Alzheimer's disease is the most common form of old-age dementia and has become the fourth most common cause of death in the USA. The cause of the disease is protein deposits, called amyloid plaques, in the brain.
Until now, it has only been possible to identify these plaques by autopsy, which means that unambiguous diagnosis comes only after the death of the patient. However, early detection is important for gaining a better understanding of the disease and for the development of treatments to stop its progress. Researchers are thus working on noninvasive imaging techniques for detection of the plaques. American scientists have now laid the foundation for a contrast agent that could mark the amyloid deposits.
The first noninvasive methods for the detection of plaques in the brain, which work with radioactive contrast agents, are under development. Now an interesting alternative is emerging: Optical imaging techniques with specific contrast agents that fluoresce when exposed to radiation in the near-infrared region of the spectrum. This light, with its relatively long wavelength, is able to penetrate living tissue well enough to make brain structures visible. “What we need,” says Timothy M. Swager, “ is a suitable contrast agent.” Working with a team of scientists at MIT, Massachusetts General Hospital, and the University of Pittsburgh, he has considered the requirements that such a contrast agent must fulfill:
- It must accumulate specifically in amyloid plaques. Certain molecules with a framework of flat aromatic rings do this, such as Congo Red, which is used to stain the plaques in histological sections.

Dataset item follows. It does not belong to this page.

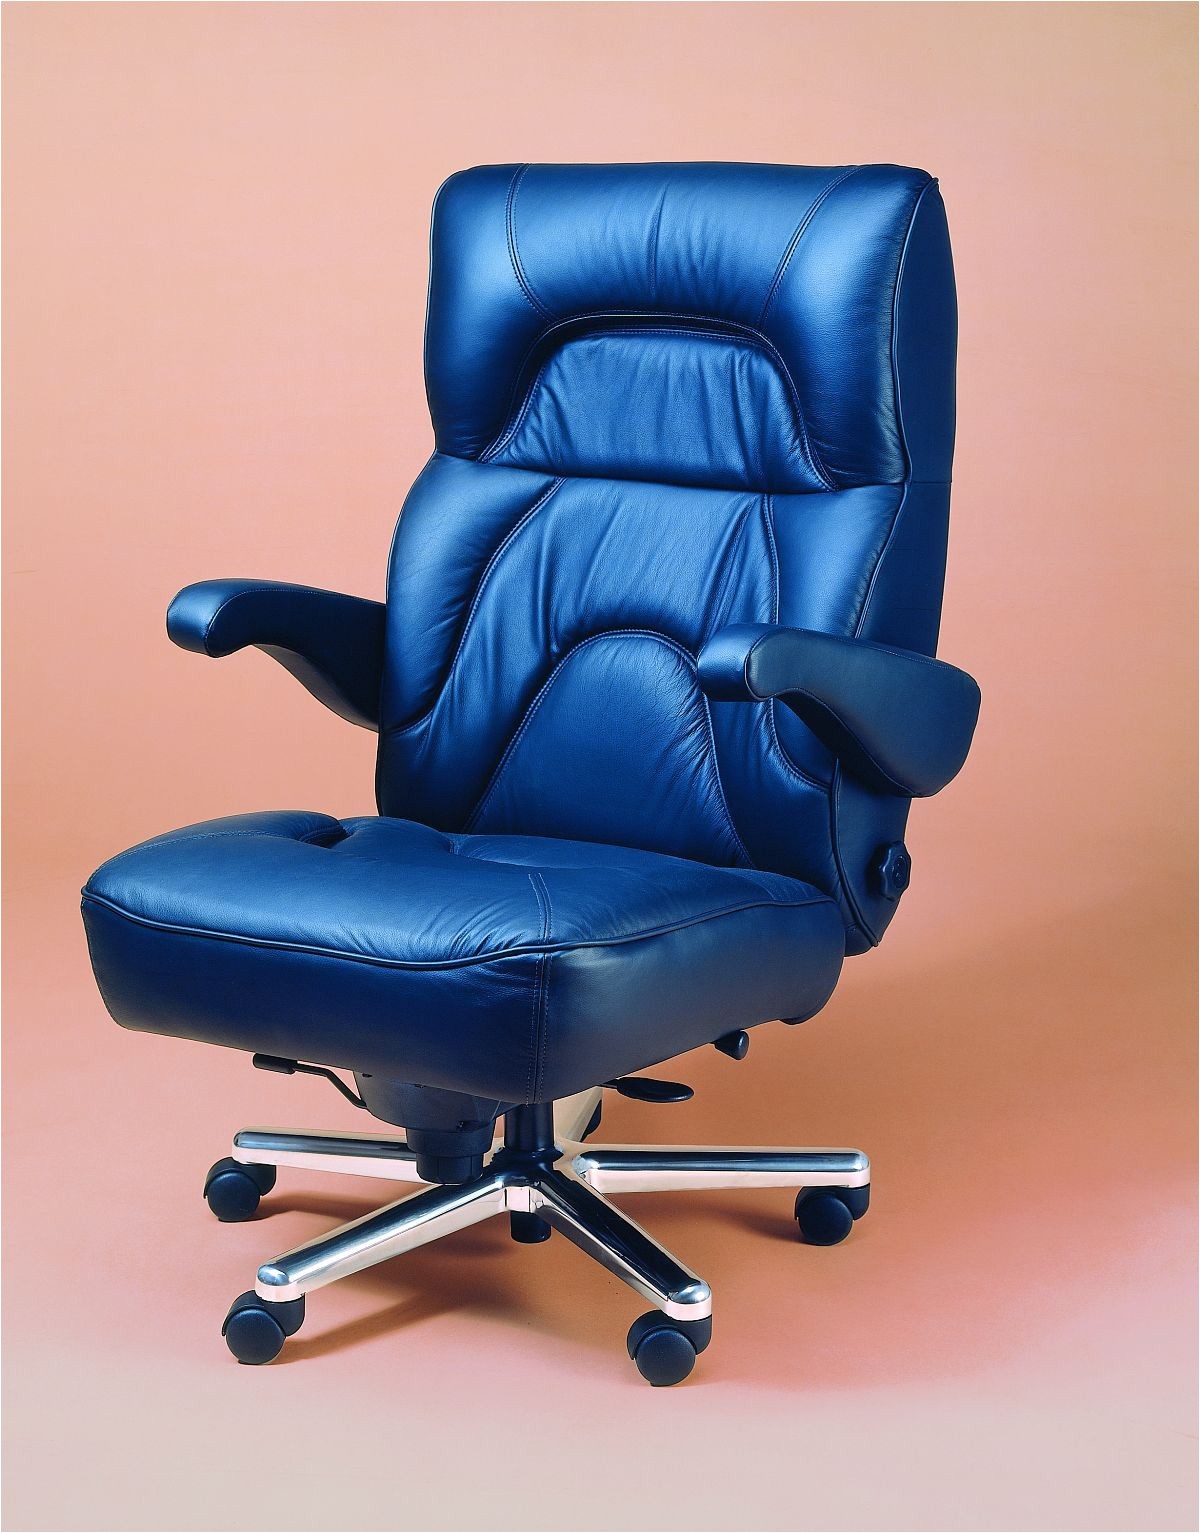 era products chairman office chair with 500 lbs capacity

- The substance must quickly pass the blood–brain barrier after injection in order to move from the blood to the brain. It must therefore be a small, uncharged, and slightly lipophilic (fat-friendly) molecule.

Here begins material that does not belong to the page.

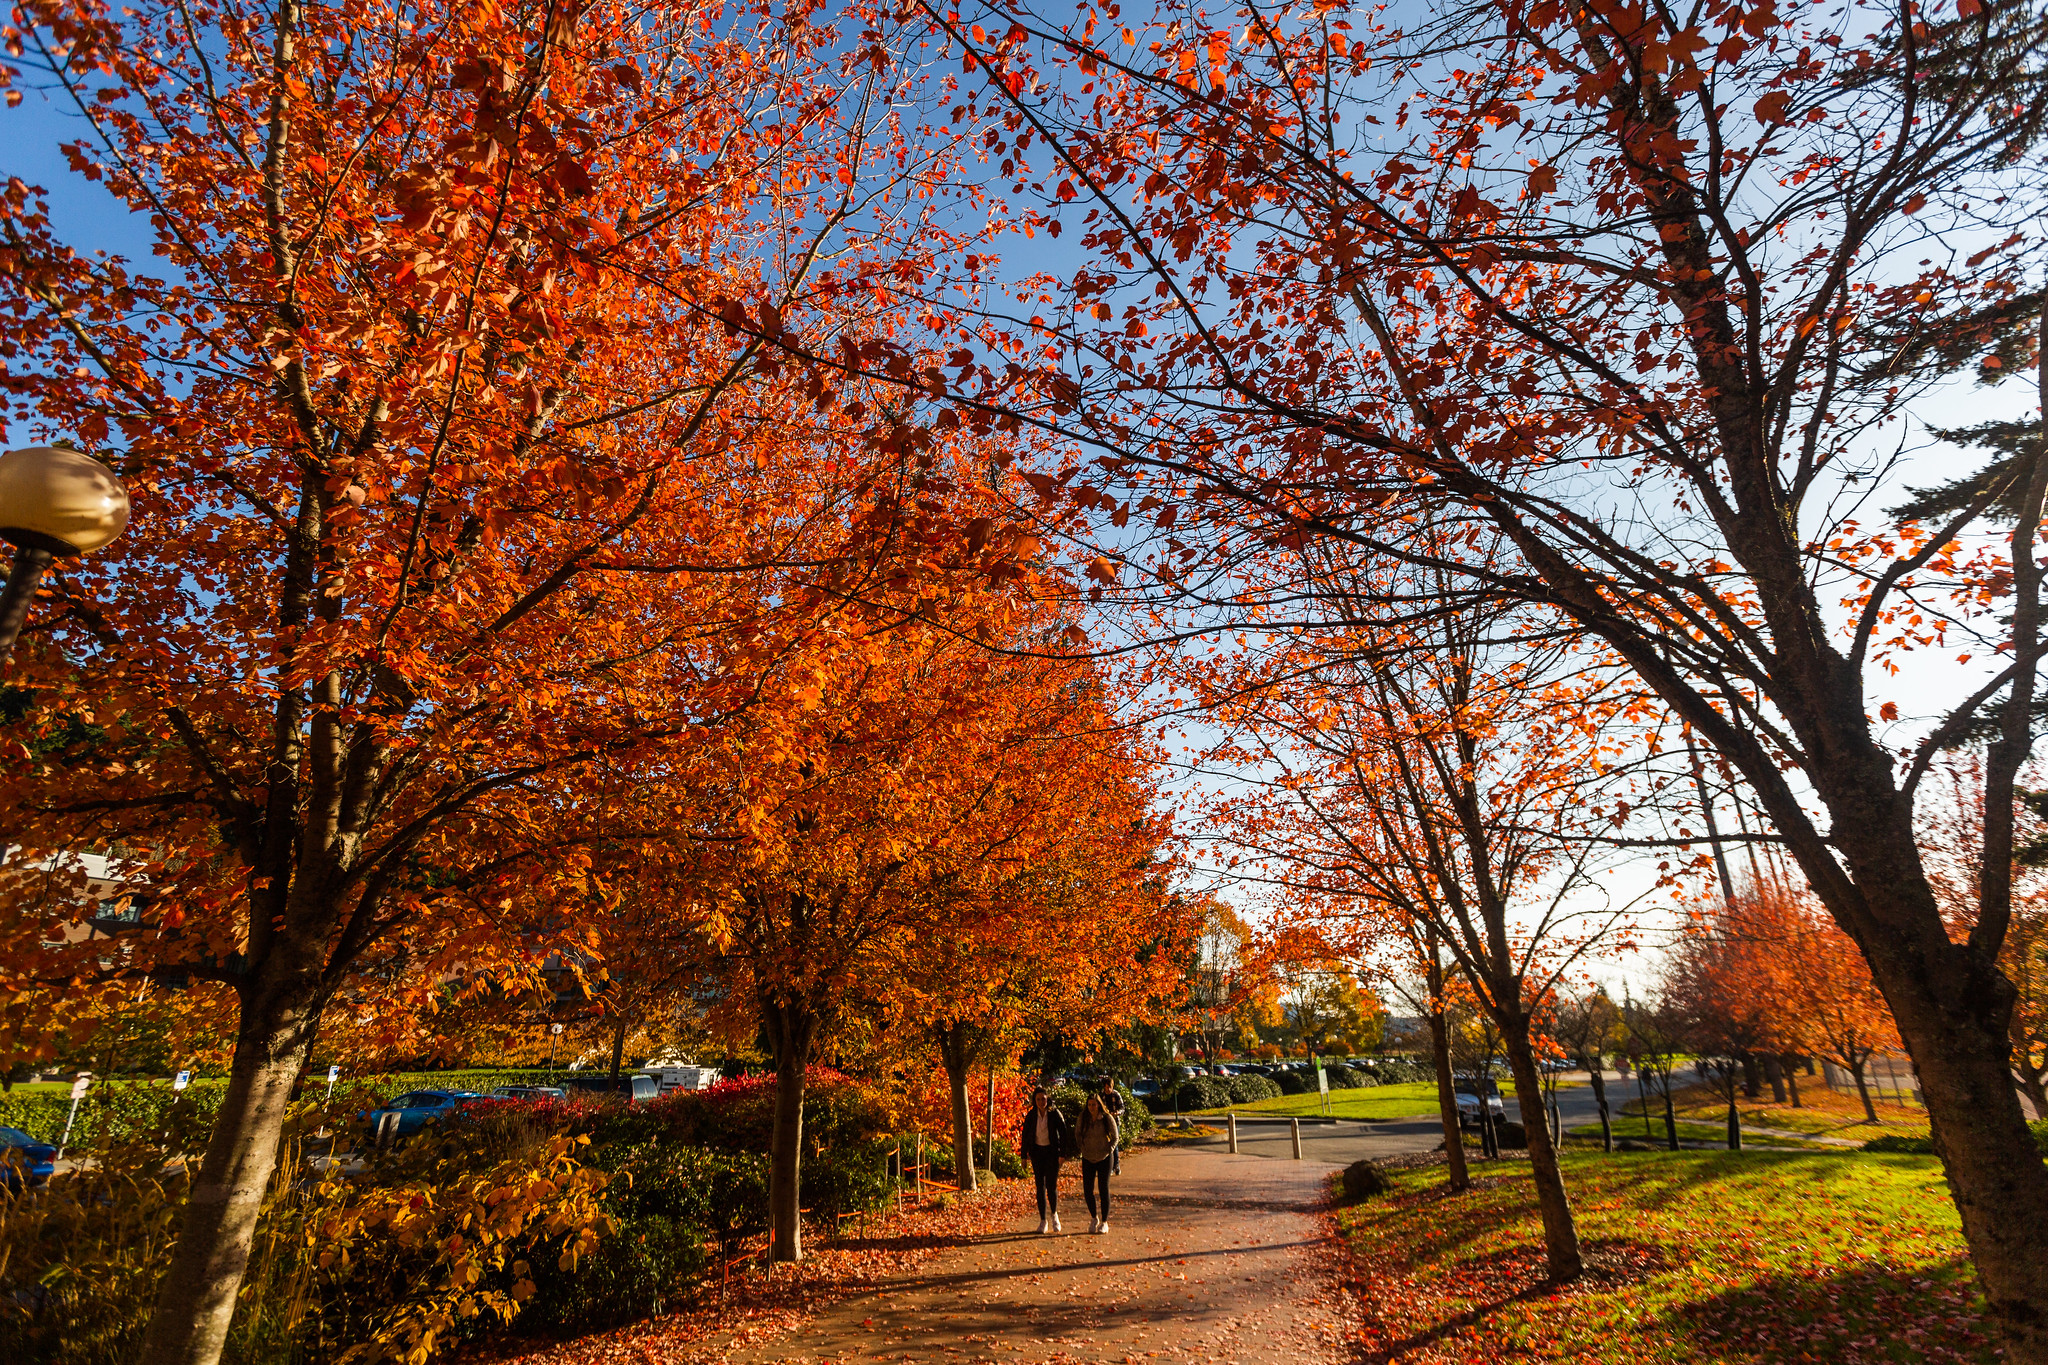 Students walk along a pathway surrounded by colorful trees on south campus

- Its absorption and fluorescence spectra must lie in a suitable spectral range - a question of electronic structure.
- For a particularly sharp contrast, the bound molecules should fluoresce more strongly than the unbound ones. This happens when the molecule bound to the plaques is less able to move than the free molecule.
- It must be nontoxic.
Indeed, the researchers were able to design a molecule that fills these requirements. “In order for this first conceptual molecule to become a viable contrast agent that can make amyloid plaques visible through the skull,” says Swager, “we still have to tweak its optical properties; the fluorescence must be stronger and shifted to longer wavelengths.”